This year, the art world went on a high fiber diet. Abstract weavings, knotted sculptures, expressive basketry, shaggy wall hangings: all are coming out of artist’s studios and museum storerooms, lending much-needed warmth and complexity to exhibition spaces. The moment has been a long time coming. Textile, of course, is among the most ancient of human endeavors; tapestry once outranked painting in the hierarchy of the arts. But modern fiber art has rarely gotten much respect. It’s one period of ascendancy came in the late 1960s and early 1970s, when the Lausanne Tapestry Biennale was at its height, and the American counterculture, with its earnestly handcrafted aesthetics, was in full bloom. That was only a brief episode, though. A genre rooted in ancient techniques, adjacent to amateur pursuits, and—above all—mainly practiced by women and people of color? That was never going to command elite institutional attention for long.
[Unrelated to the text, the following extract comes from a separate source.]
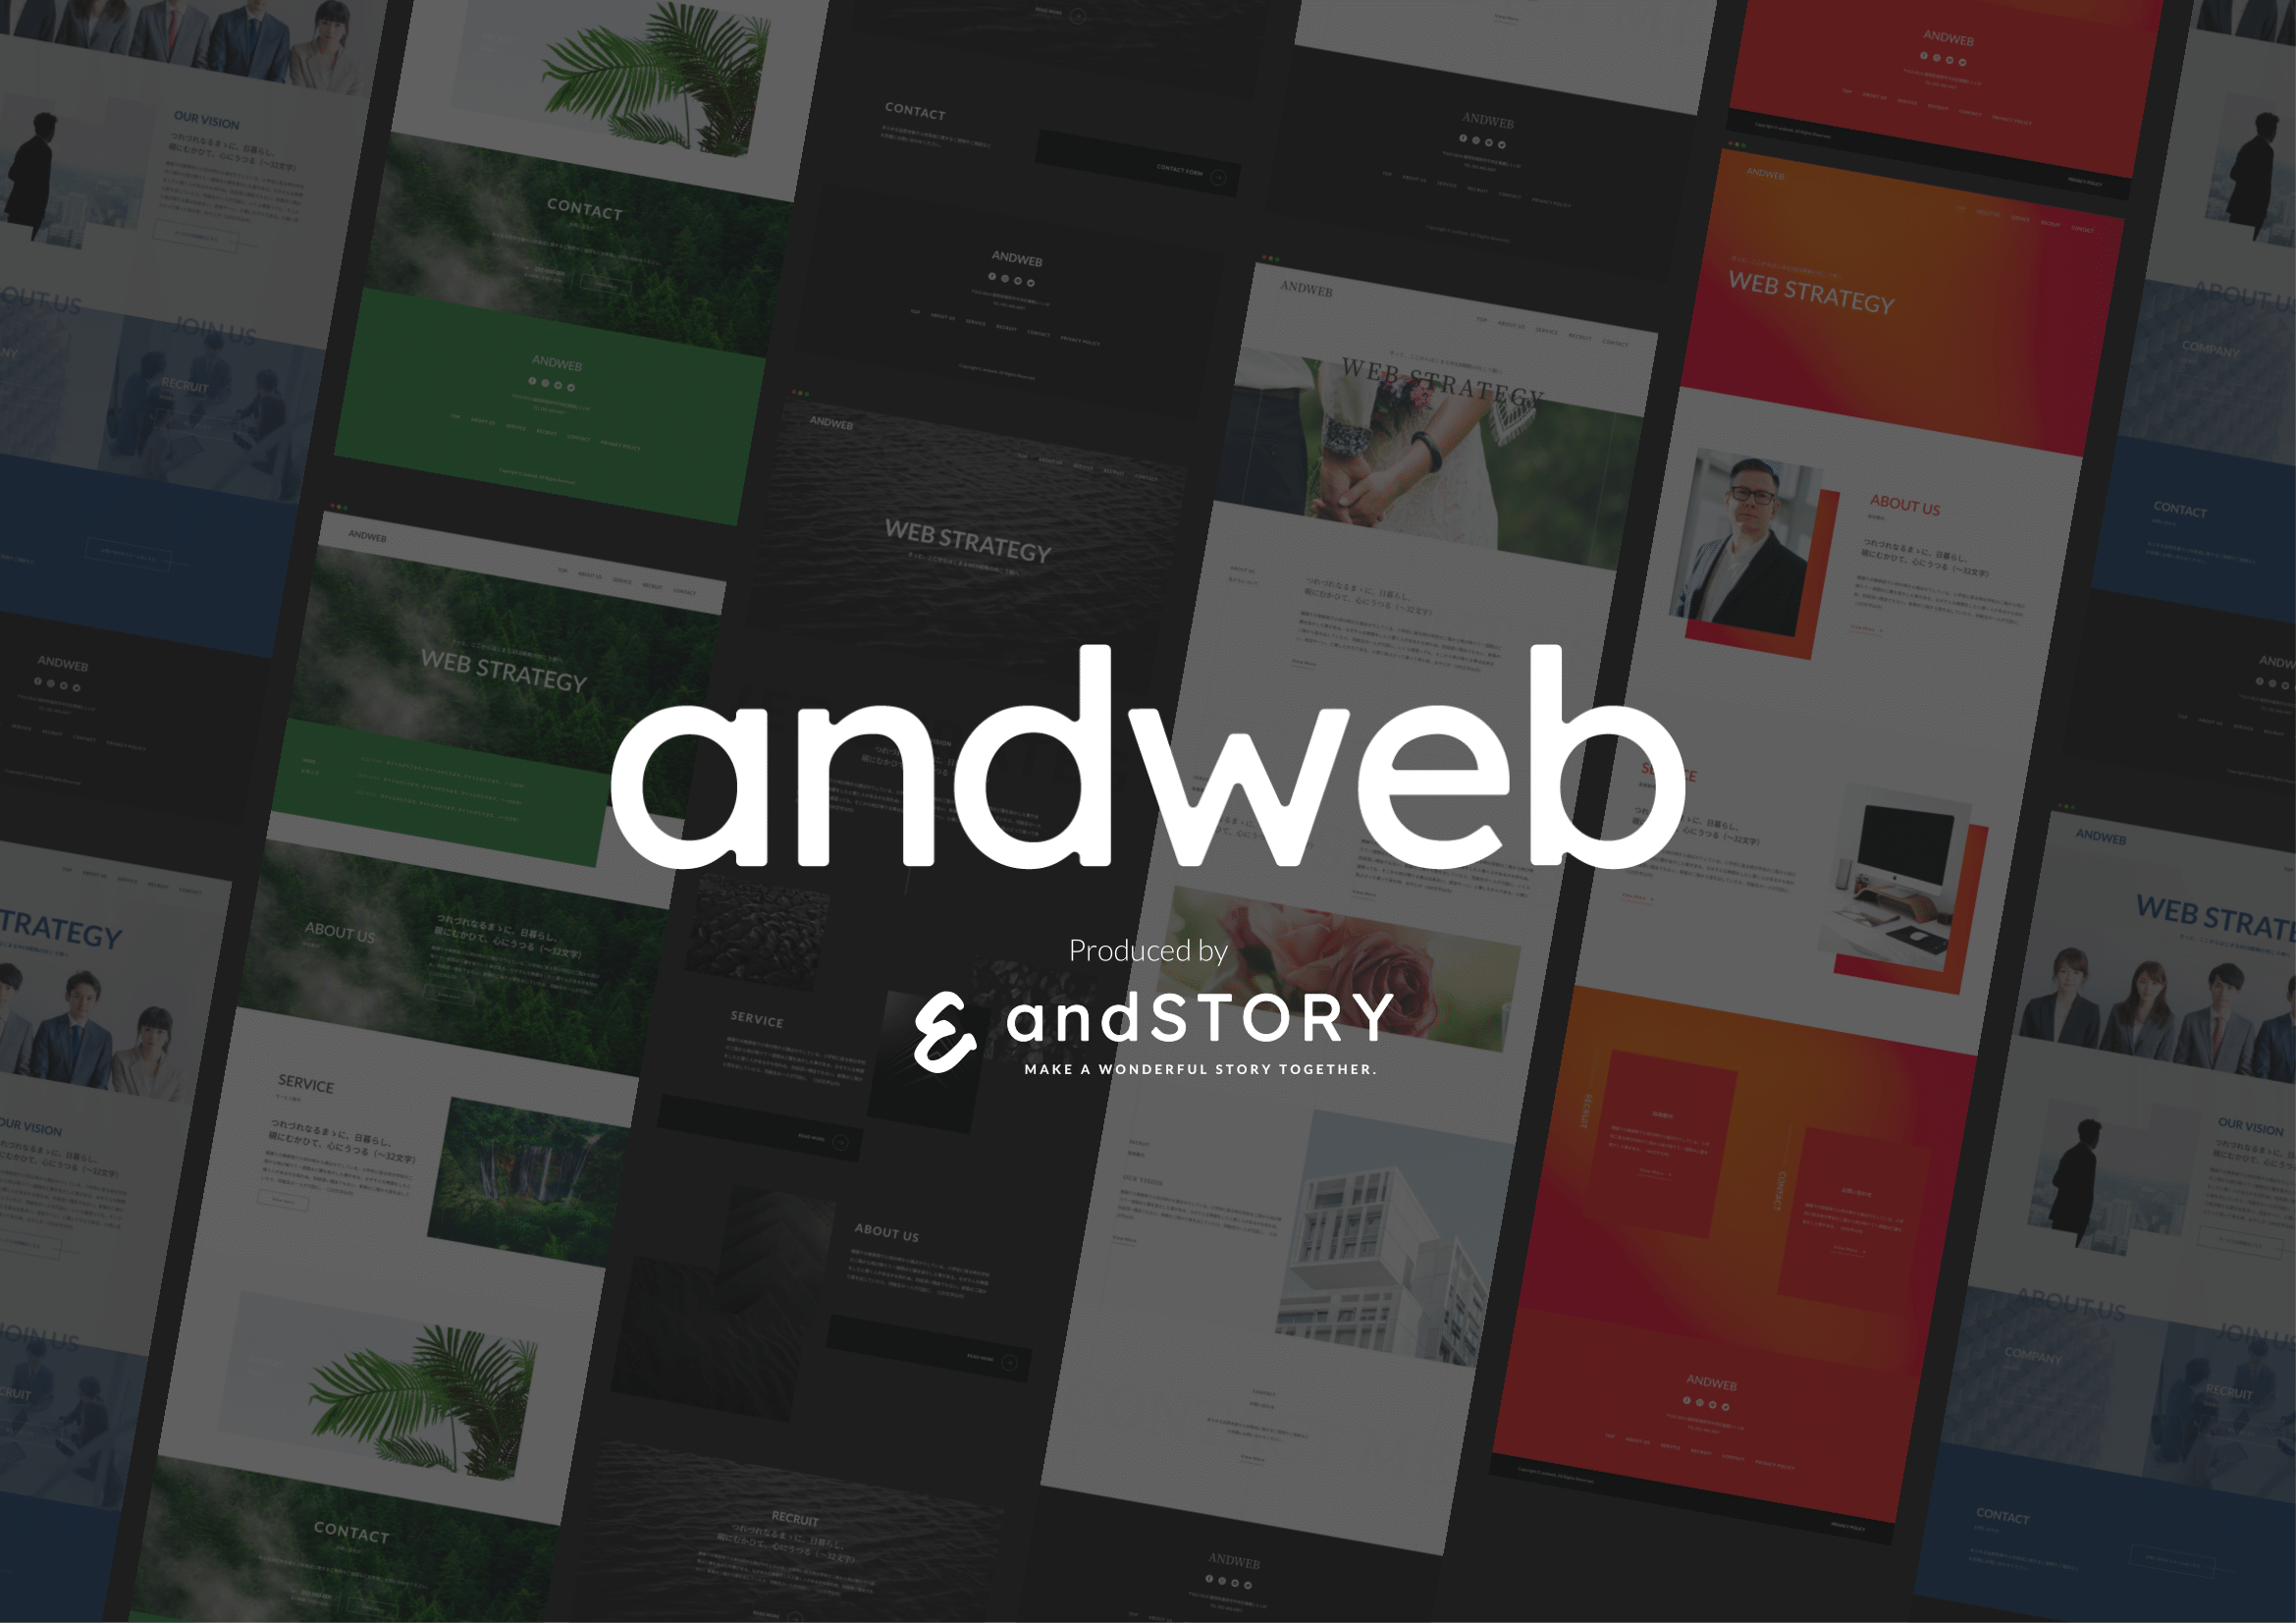 andweb

Art history has a way of correcting its mistakes, though, and those aspects of fiber art that once marginalized the medium now make it feel relevant. Just like ceramics, which has enjoyed a parallel rise to prominence, textiles offer much of what the art world wants right now: under-explored histories, personal narrative, material intelligence, and demographic diversity.
The revival has taken ten years to gather strength. Arguably, it was initiated by curator Janelle Porter’s pioneering exhibition “Fiber Sculpture 1960-Present,” held at the ICA Boston in 2014. Since then, curator Ann Coxon has mounted well-received retrospectives of Anni Albers and Magdalena Abakanowicz at Tate Modern, and the discipline’s grande dame, Sheila Hicks, has been the subject of several major shows. (She has one this year, too, in Dusseldorf.)
2024 has been truly unprecedented though, with a thick pile of projects to unpick. Here are ten of the best.
“Lee ShinJa: Weaving the Dawn” at Tina Kim Gallery, New York
One of the most impressive aspects of postwar fiber art was its international breadth. As if emulating their own working procedures, weavers criss-crossed the world, exhibiting together and learning from one another’s work.
Lee ShinJa is a perfect example. She first began making textile art during the difficult years of the Korean War, applying techniques she’d learned from her grandmother to burlap sacks and used sweaters. By the early 1960s she was making expressionist wall hangings, alternating passages of openwork with coursing rivulets of wrapped thread (one conservative critic accused her of “ruining traditional Korean embroidery”).
A key turning point came when ShinJa visited the 1970 World Expo in Osaka, where international fiber artists were featured at a Textiles Pavilion; she also showed at the 1983 Lausanne Biennial. “Weaving the Dawn,” at Tina Kim Gallery, was the artist’s first solo gallery exhibition in New York, at the age of 94. The show traversed her career, from early experimental pieces to her 1990s series “Spirit of the Mountain,” banded in the radiant colors of a sunrise.